━━━ DATA SHOWN

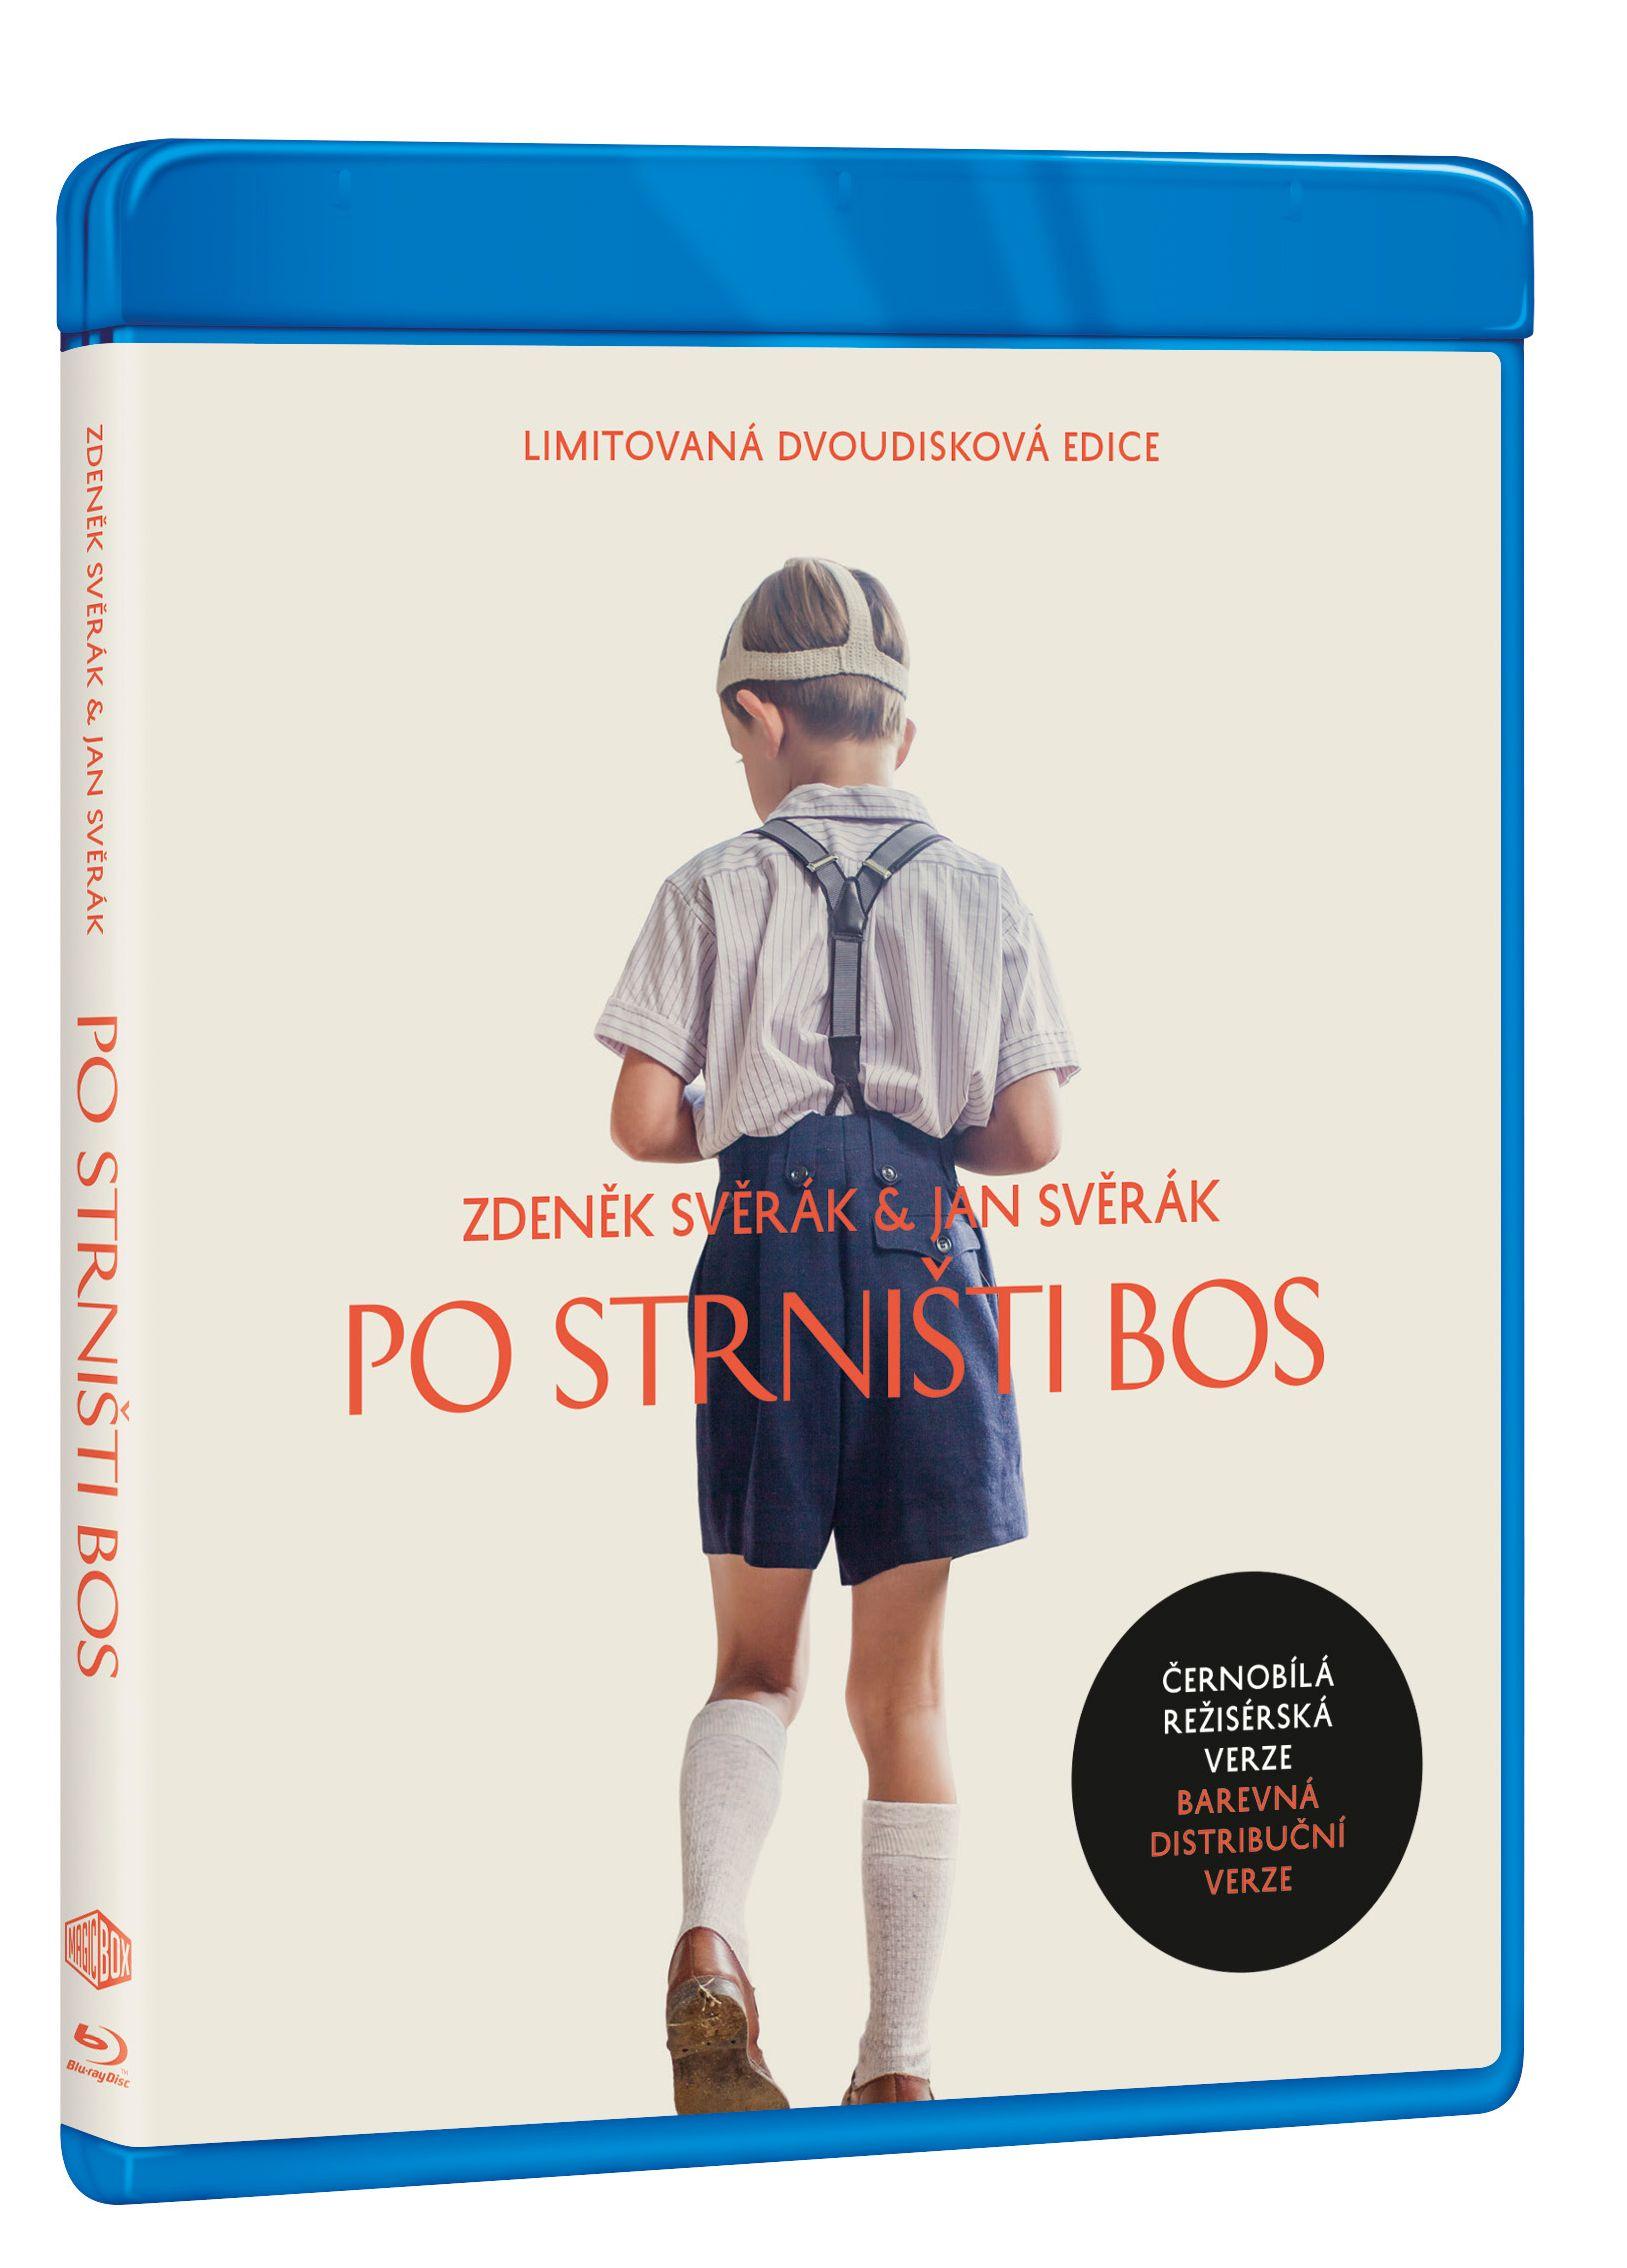 PO STRNIŠTI BOS - Blu-ray + Blu-ray s režisérskou ČB verzí
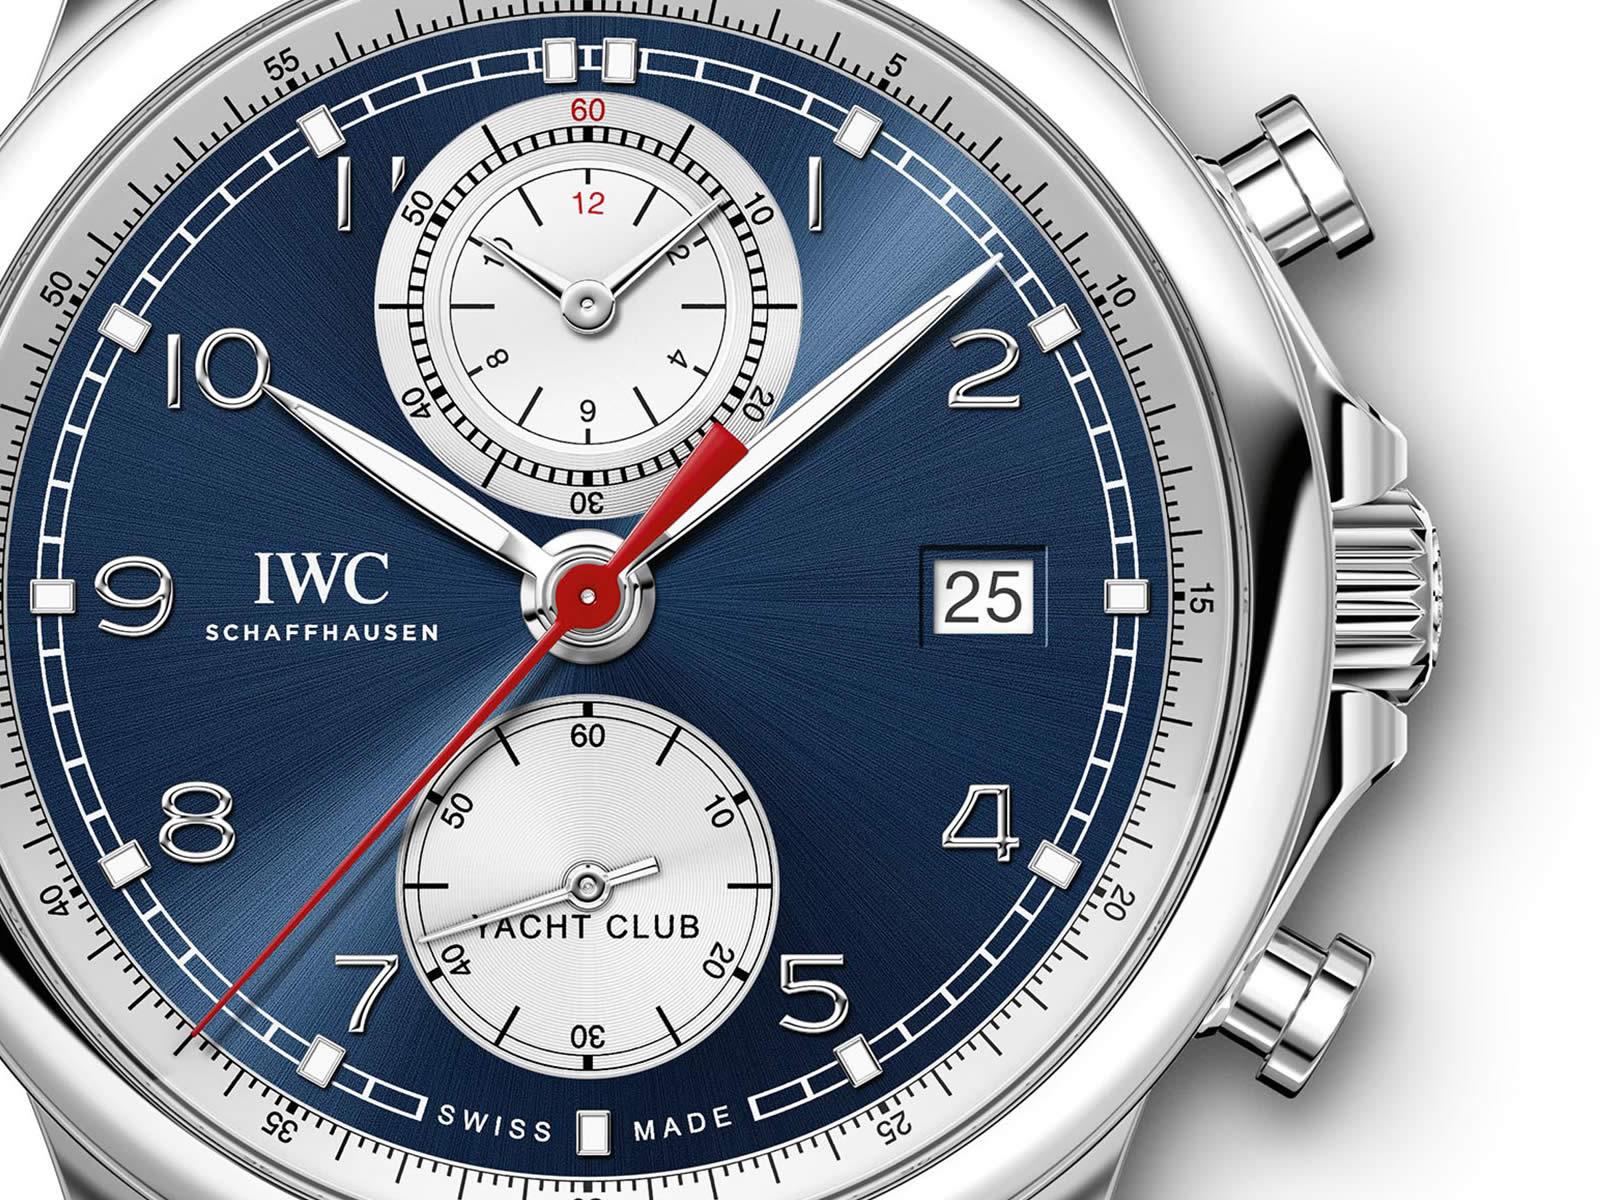 iw390507-iwc-portugieser-yacht-club-chronograph-summer-edition-5-.jpg
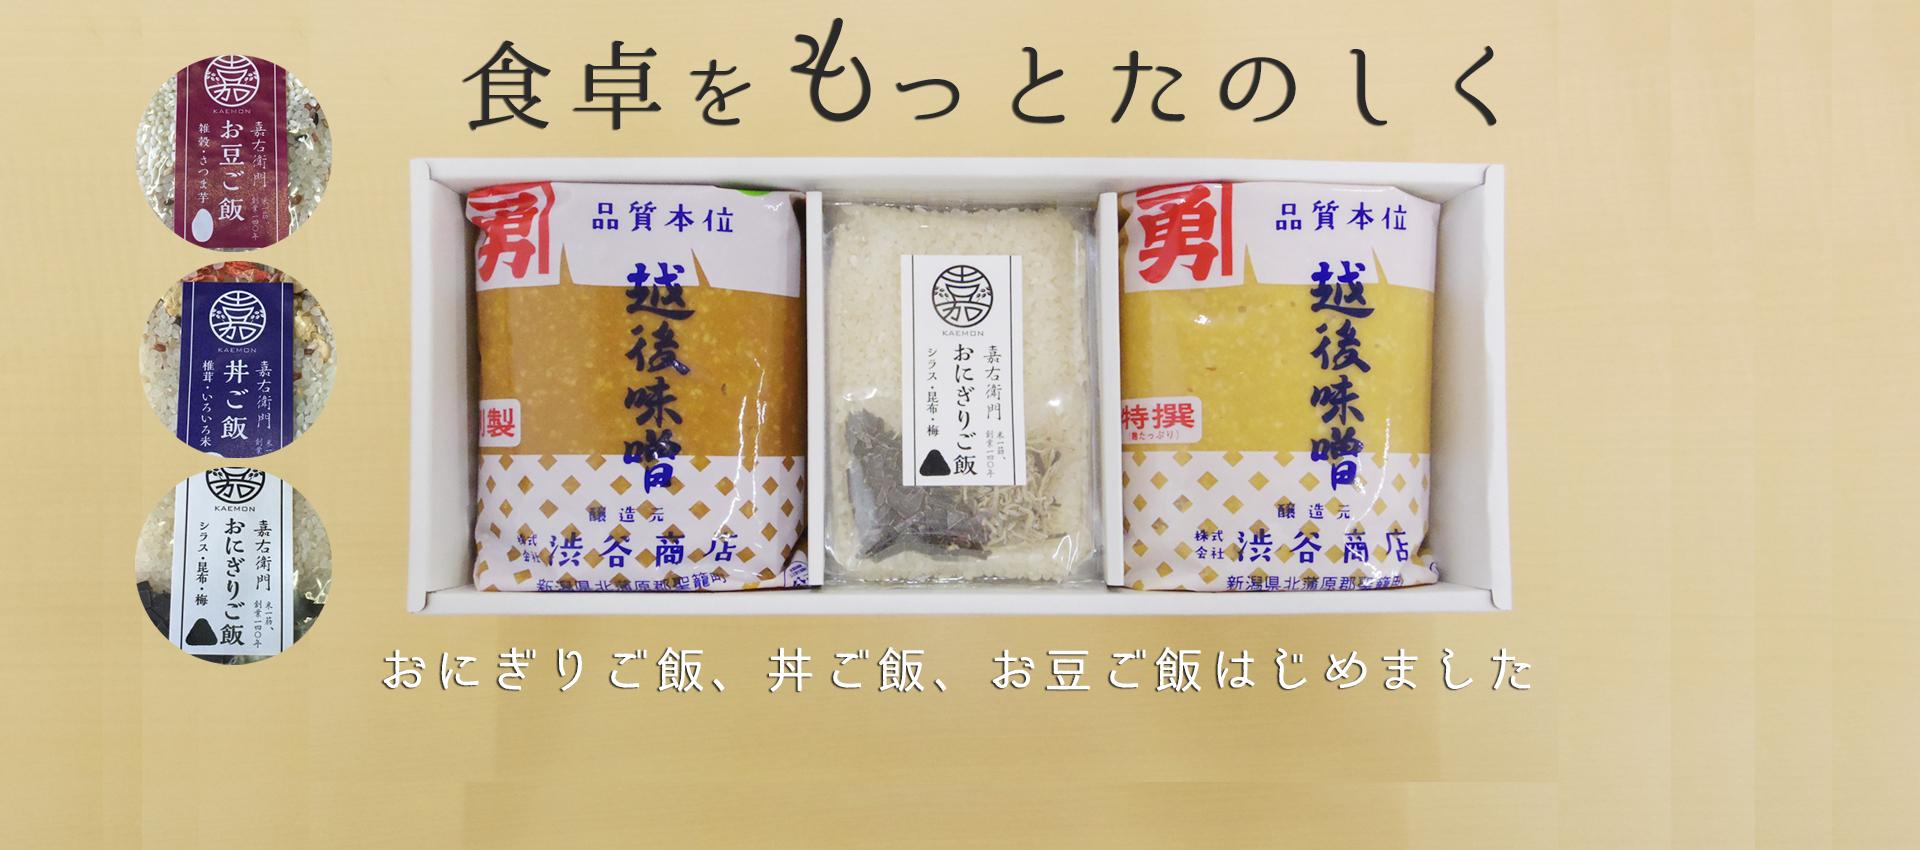 新潟名産シブヤみそ【渋谷商店】-越後味噌醸造元-

━━━━━━

## INSTRUCTIONS FOR THE TASK
Could you reproduce the data above exactly, without its pictures?

## RESPONSE BOX
 PO STRNIŠTI BOS - Blu-ray + Blu-ray s režisérskou ČB verzí
 iw390507-iwc-portugieser-yacht-club-chronograph-summer-edition-5-.jpg
 新潟名産シブヤみそ【渋谷商店】-越後味噌醸造元-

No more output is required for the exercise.